The bidder must agree to maintain security standards consistent with security policies of the Department and the Province. These include strict control of access to data and maintaining confidentiality of information gained while carrying out its duties. The bidder and/or bidder personnel will be required to sign a confidentiality agreement. Information pertaining to any department obtained by the bidder as a result of participation in this project is confidential and must not be disclosed without written authorization from the department. The qualified respondents must agree not to issue any press releases in newspapers, radio and television, or in any other manner regarding this project without first obtaining the consent from the department. 5.19 Firm Pricing Proposals must be open for acceptance for at least 90 days after the closing date. Prices quoted in the proposals shall not change during the contract period. Bidders should consider quoted pricing as final and inclusive. 5.20 Intellectual Property Rights All supporting documentation and manuals submitted with this request for proposals, and subsequent documents, shall become the property of the Department of Health unless requested otherwise by the respondent at the time of submission.

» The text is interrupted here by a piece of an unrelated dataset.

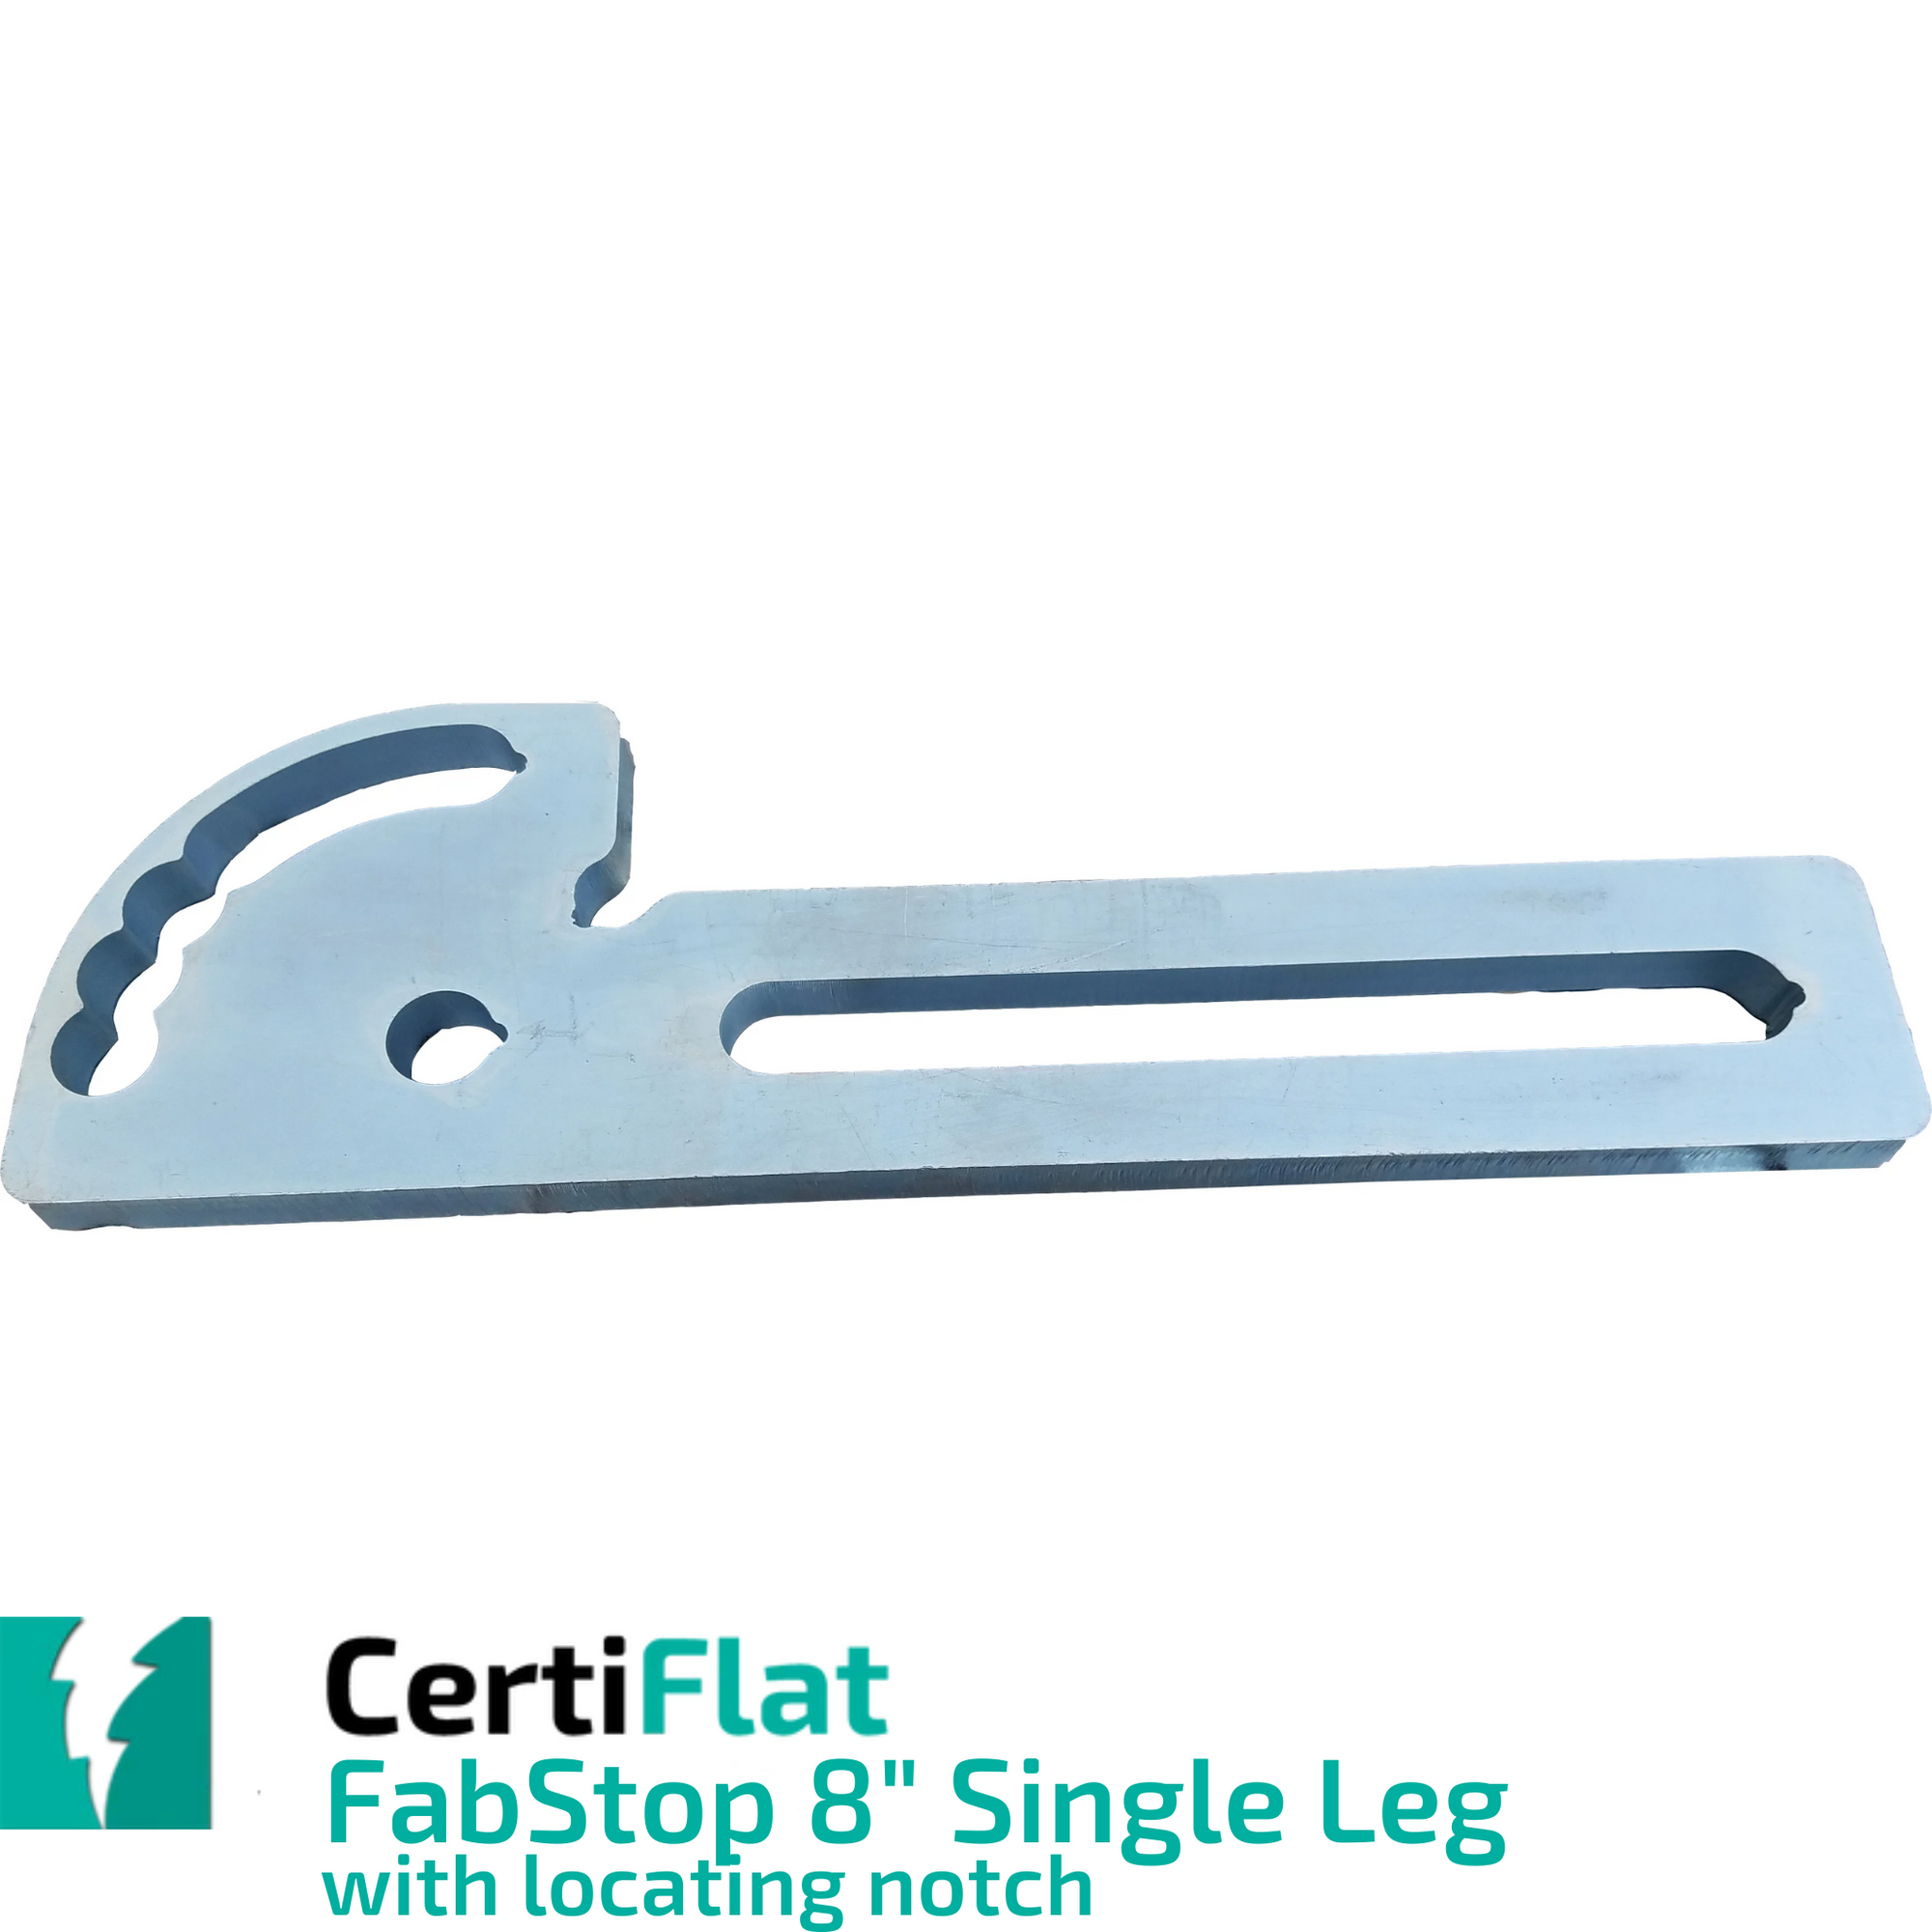 CertiFlat 8" Single Leg FabStop with Locating Notch

The bidder agrees to waive all rights (including moral rights), title and interest to the intellectual content of the initial proposal, subsequent documents and the final deliverables. 5.21 Currency and Taxes Prices quoted shall be: a) in Canadian dollars, b) inclusive of duty, c) with delivery FOB destination included, and d) exclusive of Goods and Services Tax and Harmonized Sales Tax.

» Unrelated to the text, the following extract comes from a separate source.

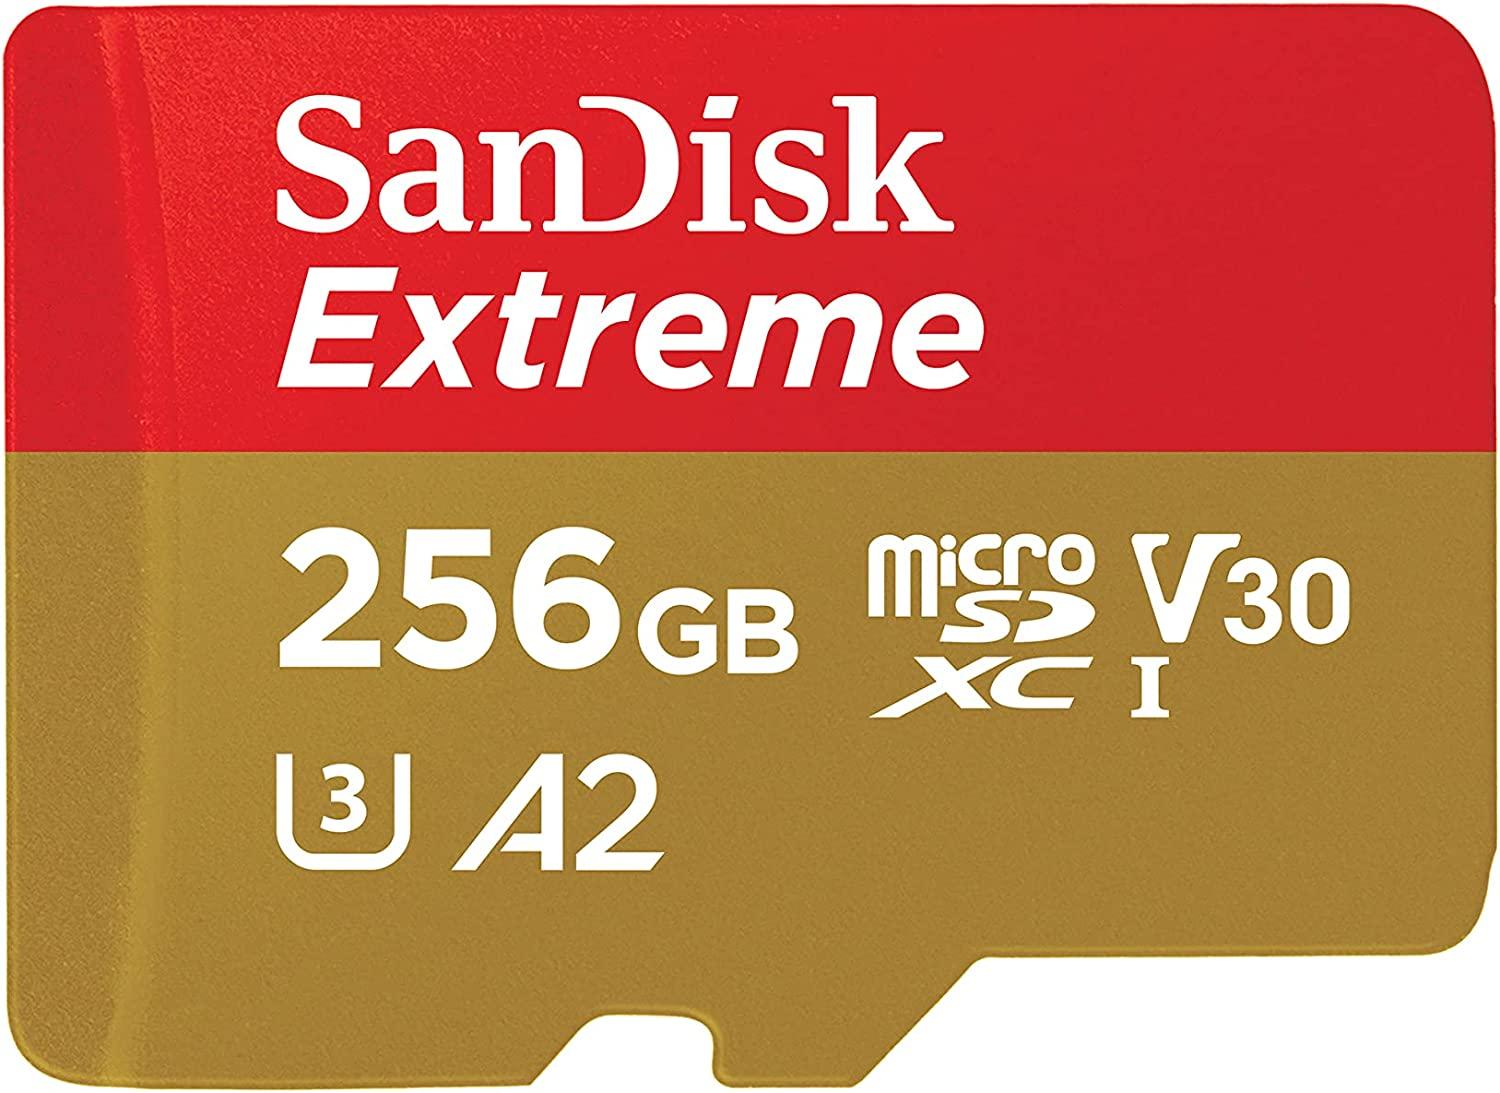 256GB SanDisk Extreme microSDXC Memory Card for $24.99

6.0 Enquiry Contact Proponents requiring further information on this Request for Proposals should contact: For Procurement Jacqueline Vickers 30 Strawberry Marsh Road St. John s, NL A1B 4R4 (709) 729-3340 All enquiries are to be directed to the person(s), or his/her designate(s) named above. Information obtained from any other source is not official and may be inaccurate. Enquiries and responses may be recorded and may be distributed to all proponents at the Province's option. 7.0 Contract The successful bidder shall be required to sign a contract which reflects the duties, requirements and responsibilities outlined in this Request for Proposals.